- Racing silks of J P McManus
- Sire: Walk In The Park
- Dam: Sway
- Damsire: Califet
- Sex: Gelding
- Foaled: 4 April 2018
- Country: Ireland
- Colour: Bay
- Breeder: Noreen McManus
- Owner: J. P. McManus
- Trainer: Gavin Cromwell

Major wins
- Cheltenham Gold Cup (2025)

Honours
- Horse Racing Ireland Horse of the Year 2025 (joint)

= Inothewayurthinkin =

Irish thoroughbred racehorse (born 2018)

Inothewayurthinkin (born 4 April 2018) is an Irish-bred, Irish-trained thoroughbred racehorse. A steeplechaser, he is best known for winning the 2025 Cheltenham Gold Cup.

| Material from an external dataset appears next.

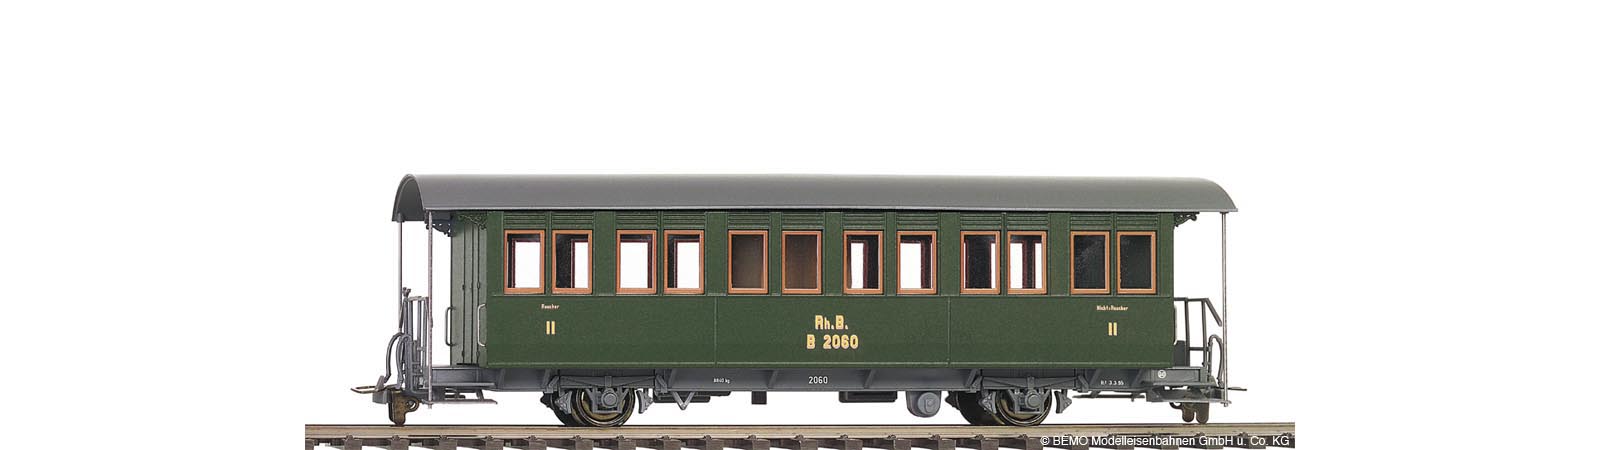 RhB B2060 2-achser historisch Dampfzug

Inothewayurthinkin is owned by J. P. McManus, and bred by his wife, Noreen. He is trained by Gavin Cromwell at Danestown in Co. Meath.

Much attention leading up to the 2025 Cheltenham Gold Cup was on Galopin Des Champs, winner in 2023 and 2024 and favoured to win a third time in a row. Inothewayurthinkin was added to the race as a supplementary entry. Ridden by Mark Walsh, Inothewayurthinkin beat the odds-on favourite into second place and won by six lengths.

The 2026 Cheltenham Gold Cup was won by Gaelic Warrior with Inothewayurthinkin finishing third.